• PROBLEM DETAILS
Retype exactly what appears below from the line containing "Cuba's Football Revolution" down to the line containing "Volker-Staufert-Stiftung", keeping both end lines. Do not include pictures.

• THE DATA
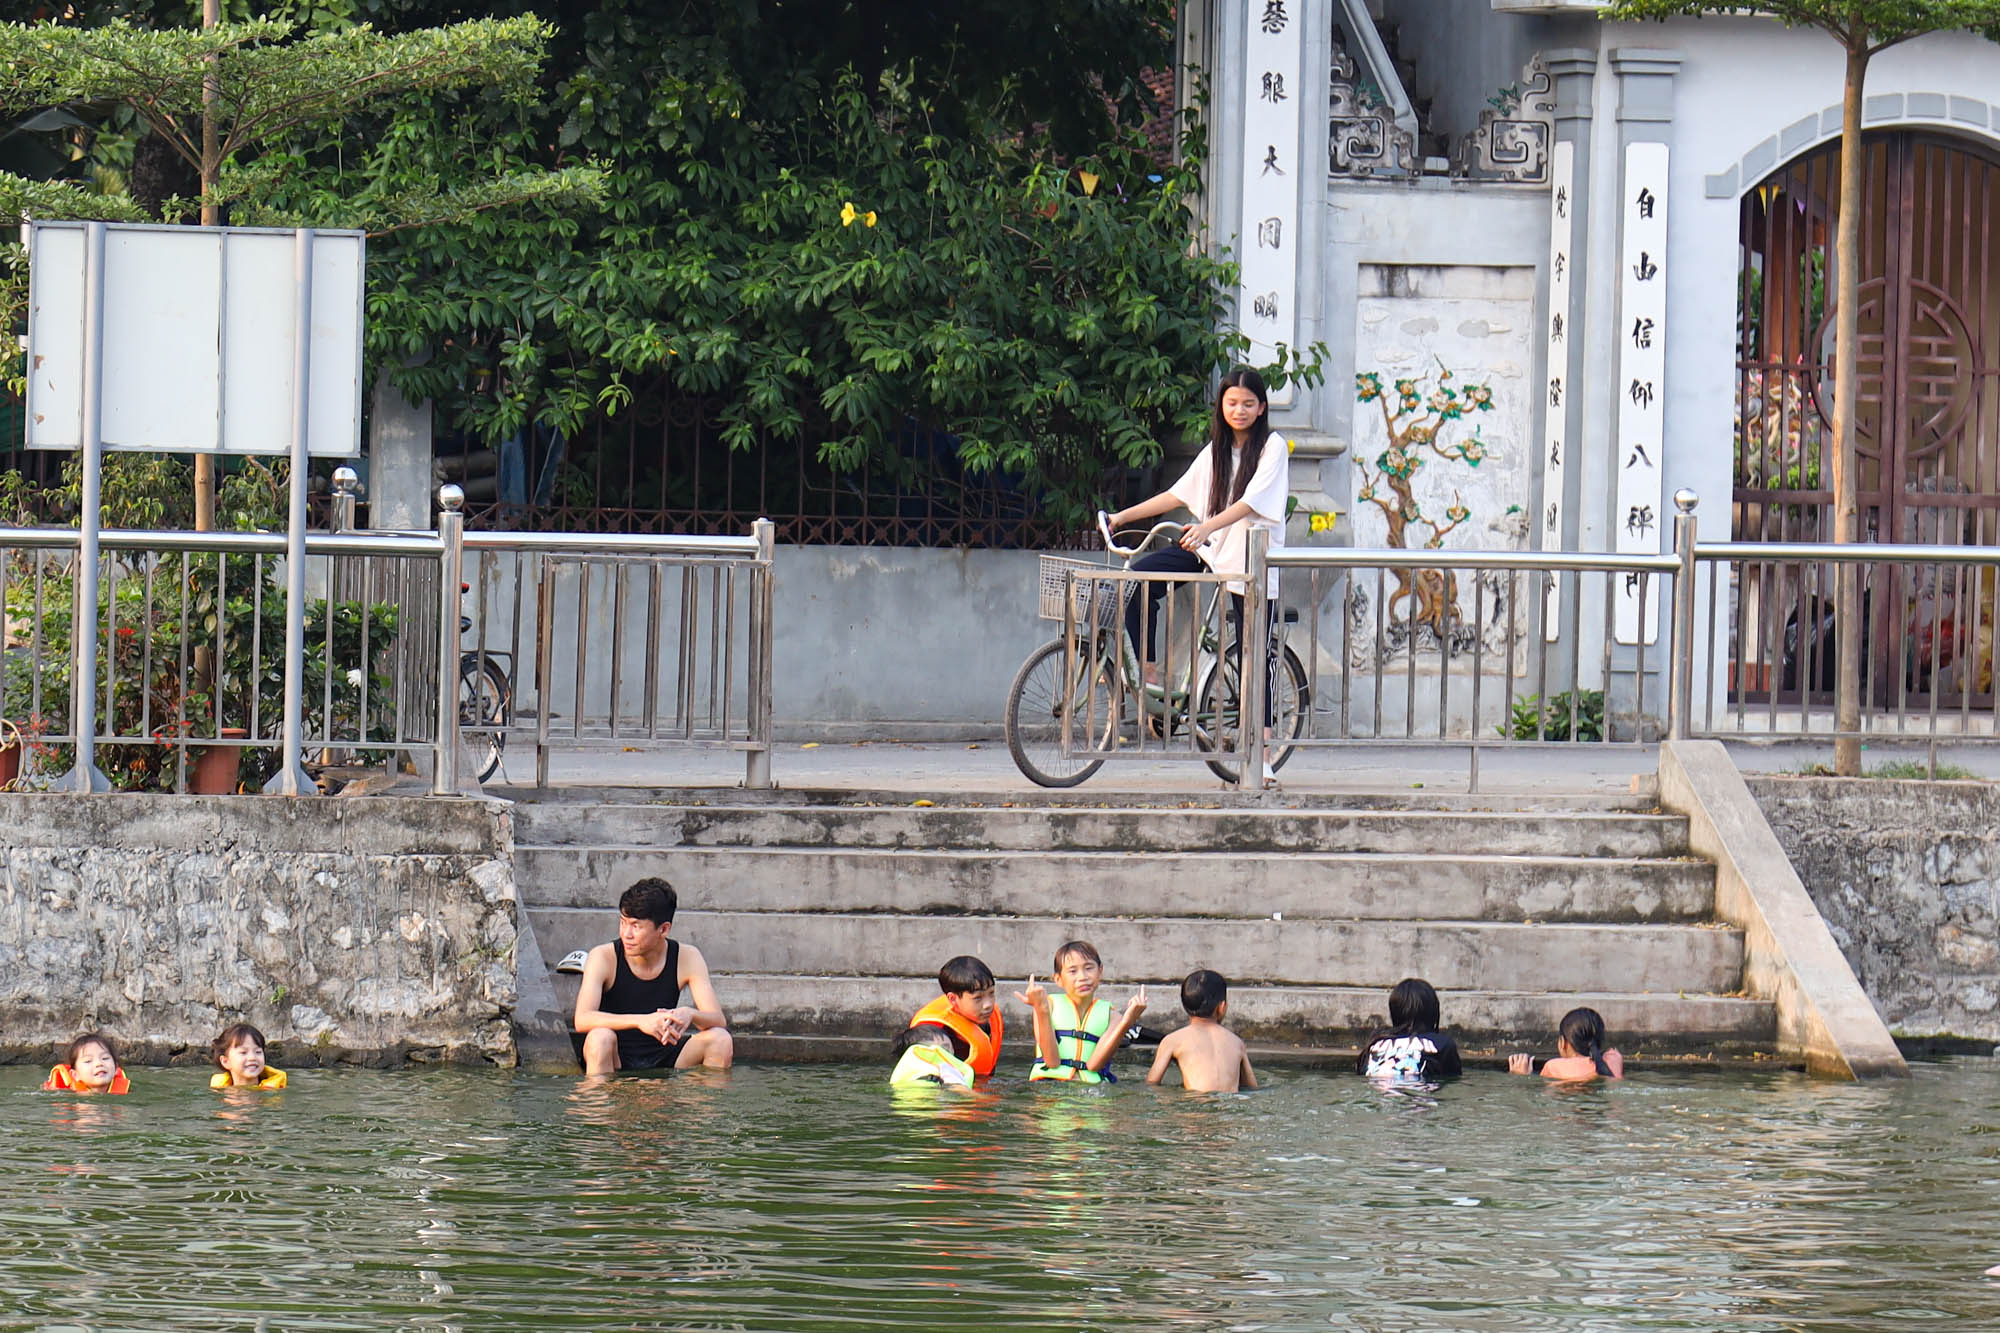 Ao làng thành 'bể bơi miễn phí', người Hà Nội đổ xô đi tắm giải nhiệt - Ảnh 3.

--

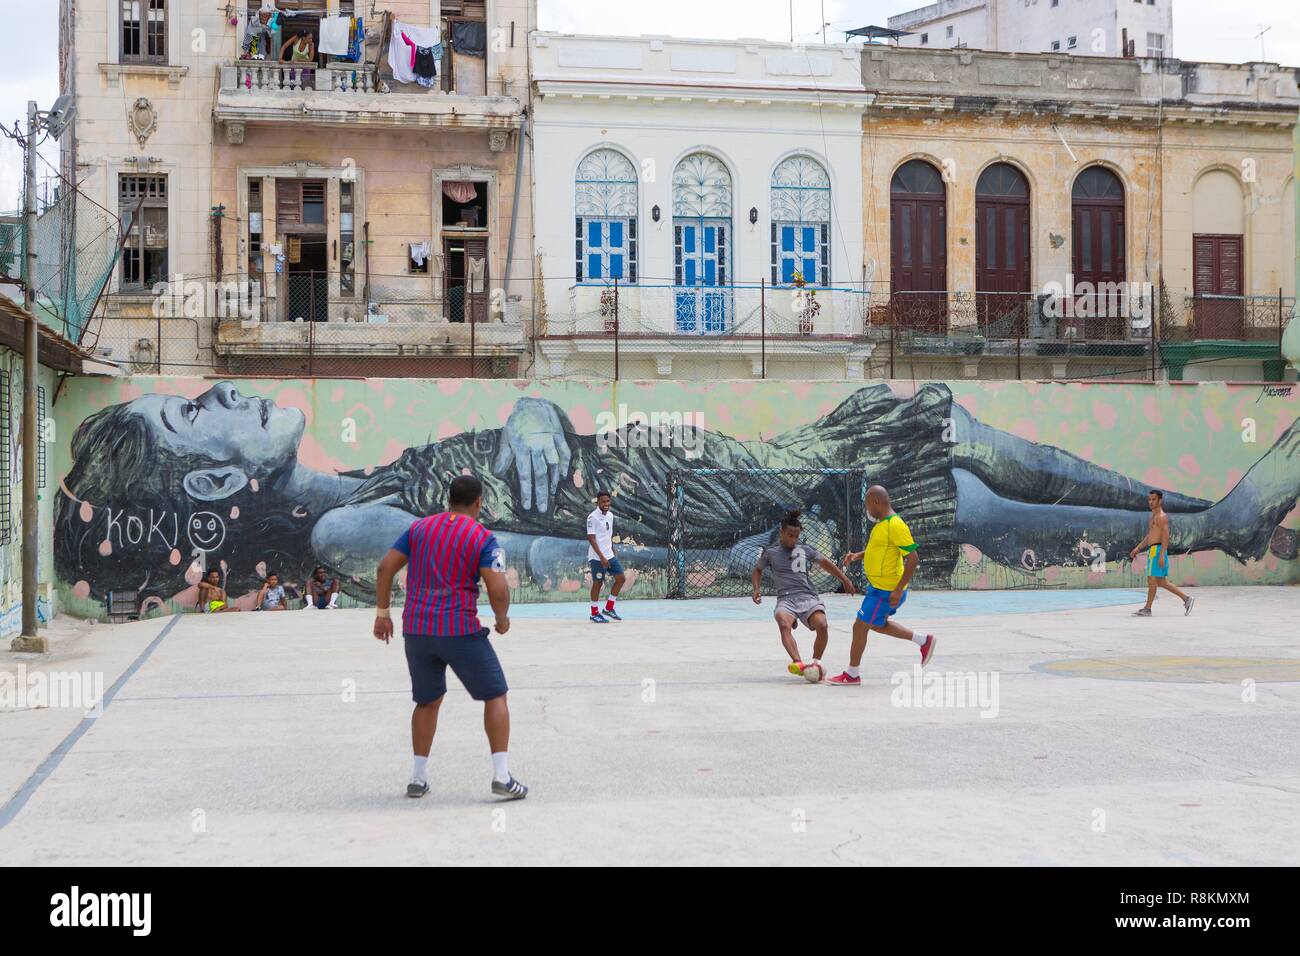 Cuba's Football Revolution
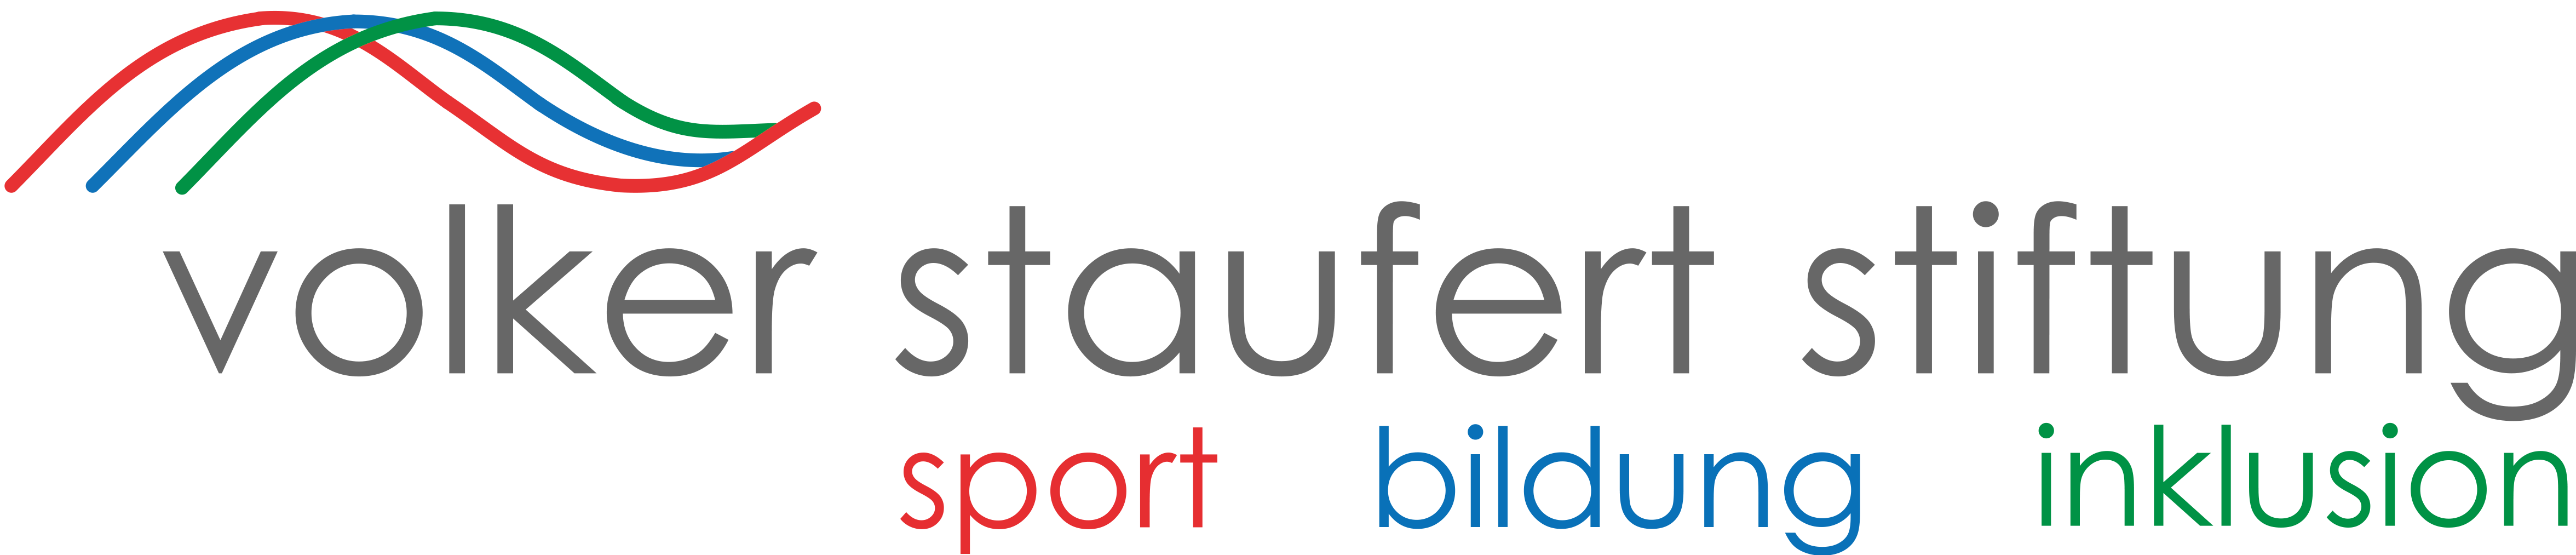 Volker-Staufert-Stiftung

• ANSWER TO THE EXERCISE
 Cuba's Football Revolution
 Volker-Staufert-Stiftung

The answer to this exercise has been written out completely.